In contrast, the hallmark of technology naturalized is not that its use has become routinized, habitual, or “natural” in the sense of normal. Indeed, it is unclear to what extent we can be “users” of it at all. The hallmark of technology naturalized is that it acts below or above the thresholds of perception and control, that we cannot represent its agency as it occurs, that we have no switches to initiate or stop operation, no direct knowledge of whether it is functioning or broken down. As opposed to the case of the streetcar, reading up on genetic engineering does not help.
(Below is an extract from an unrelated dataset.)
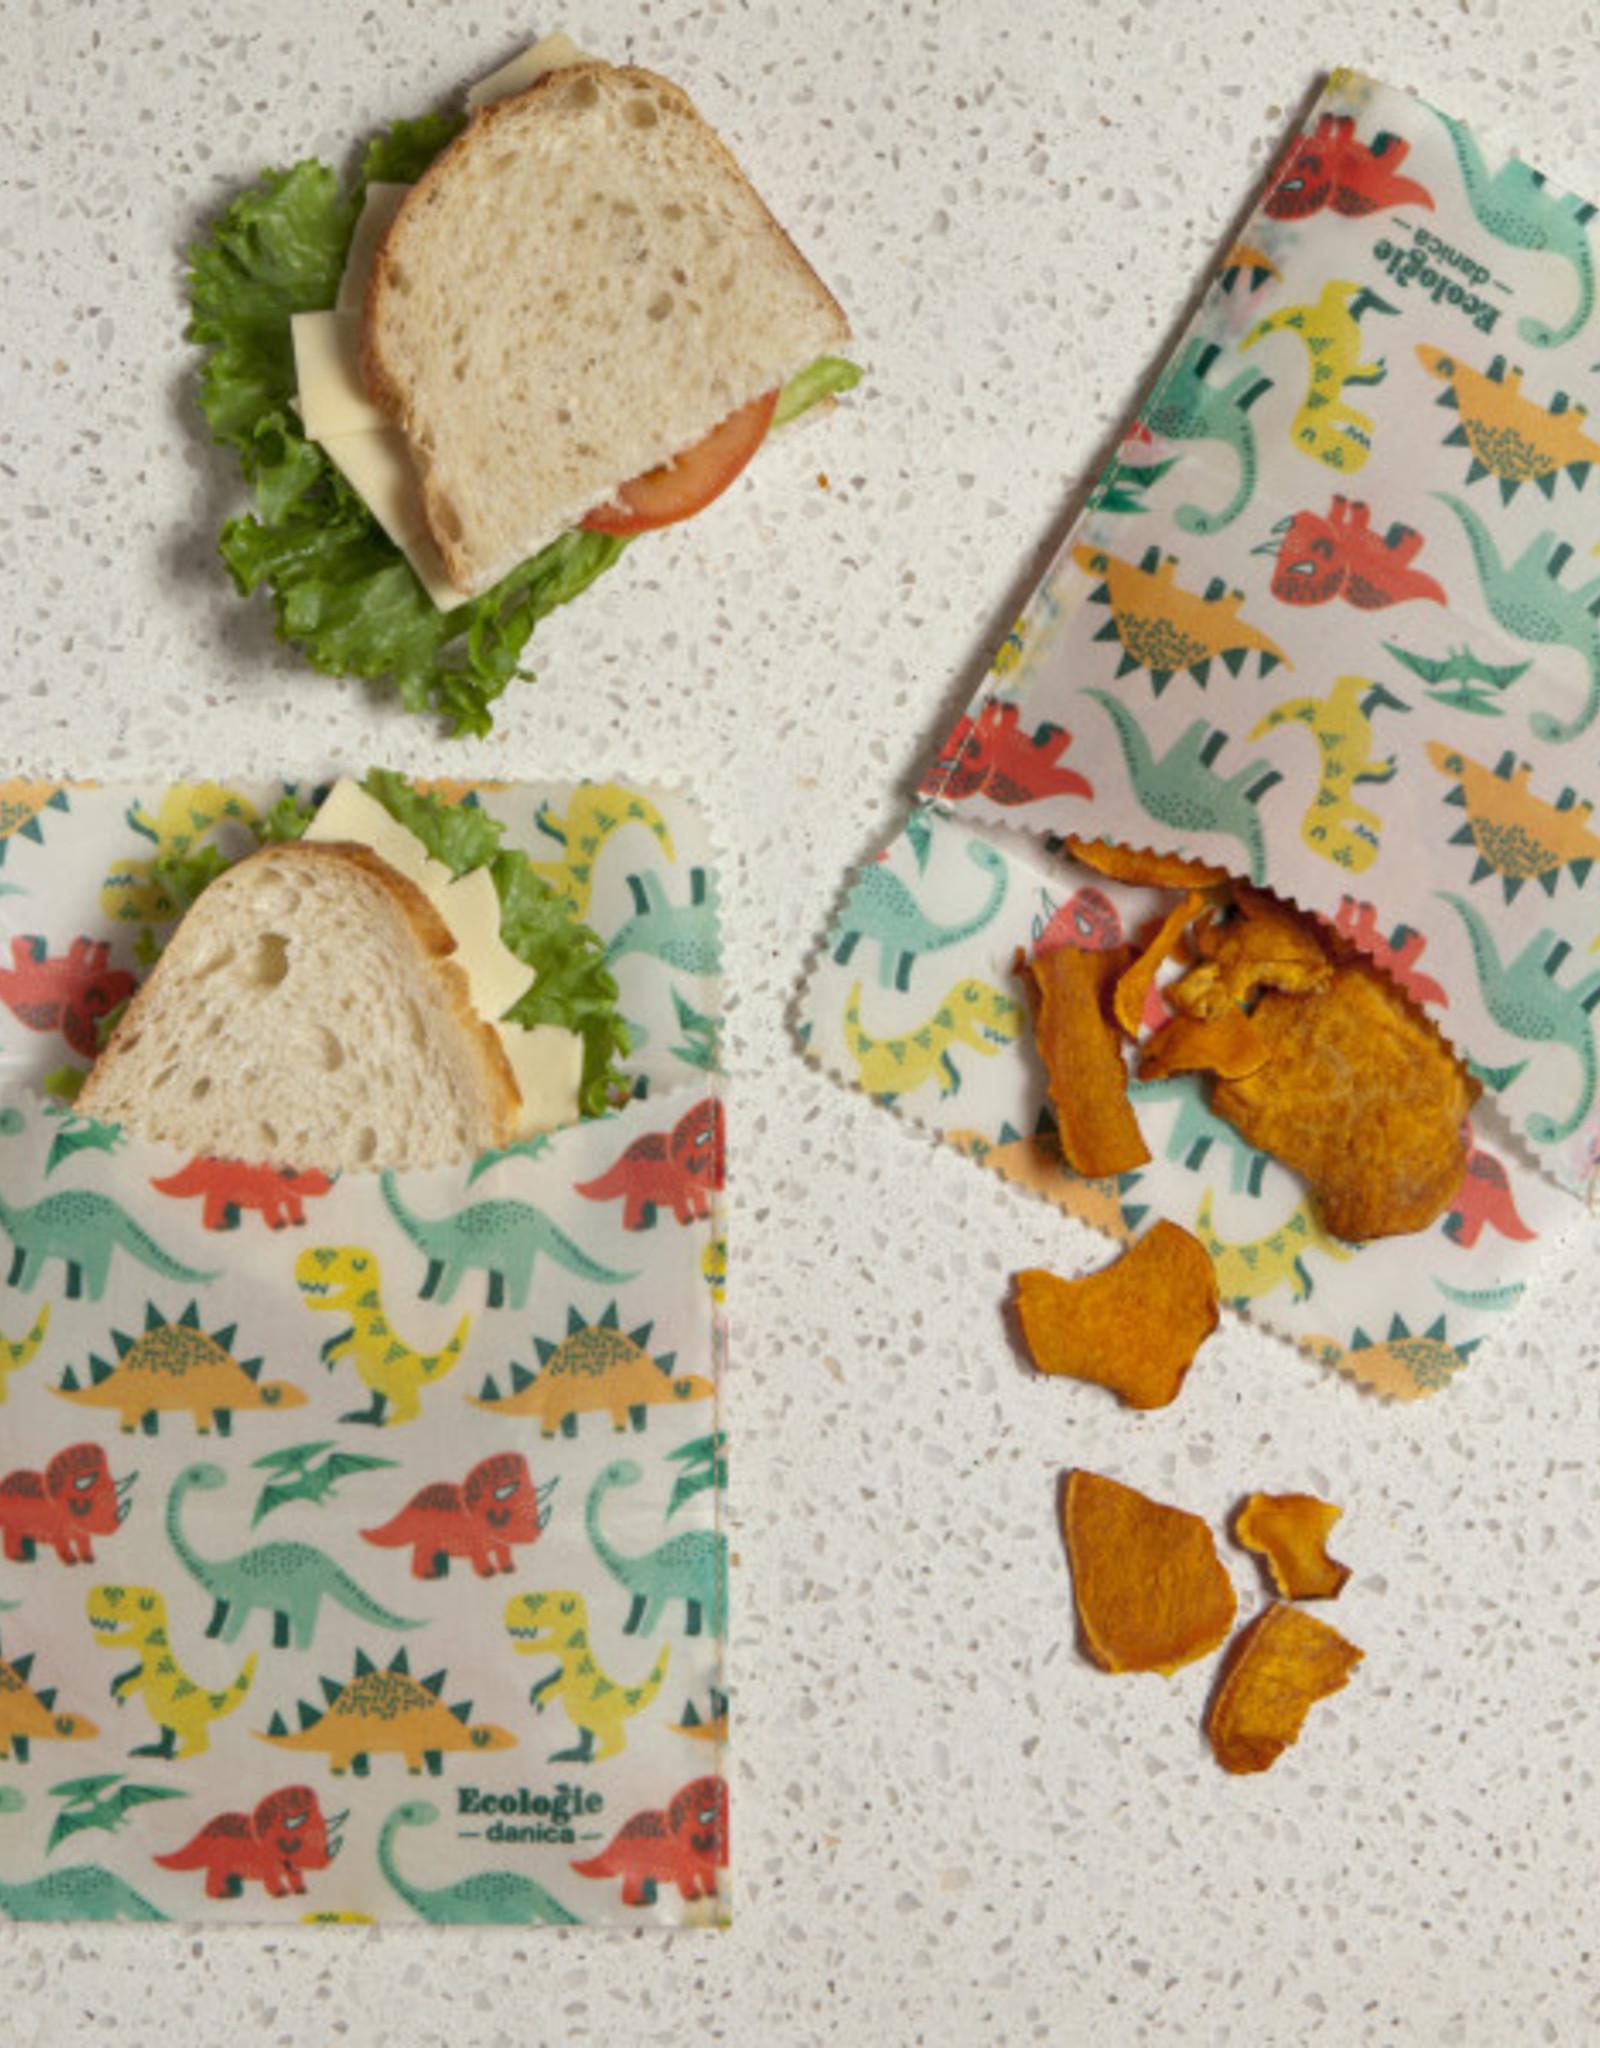 Danica Danica Beeswax Sandwich Wrap- Dandy Dinos Set 2

As we come to better understand and even admire the capabilities of a broadly enabling technology, the world becomes not more but less transparent to the individual consumer and it proves harder to maintain a sense of ownership, empowerment, responsibility, and control. When we black-box the workings of a macroscopically embedded device like a radio, what remains are a few buttons, dials, or displays and, of course, the sound that is received. We maintain a representation of a schematic causal relation between an input and an output. But when we black-box the working of a genetic modification or of automatic climate-control in a building, what remains is nothing at all but the technically altered environment itself that is indistinguishable in its mere givenness to a natural environment. Indeed, this might serve as formal criterion for what are here called naturalized technologies: when you black-box it, there is nothing left.
86
I use the term “smart environments” to refer to a technological program that also goes by “ubiquitous computing” or “ambient intelligence.”
87
In the following, I will focus on technological agency below the threshold of perception. At the end of this chapter, I also consider engineering approaches below the threshold of control. (From the perspective of the user, the two notions are closely associated, of course, in that we cannot control what we cannot perceive.)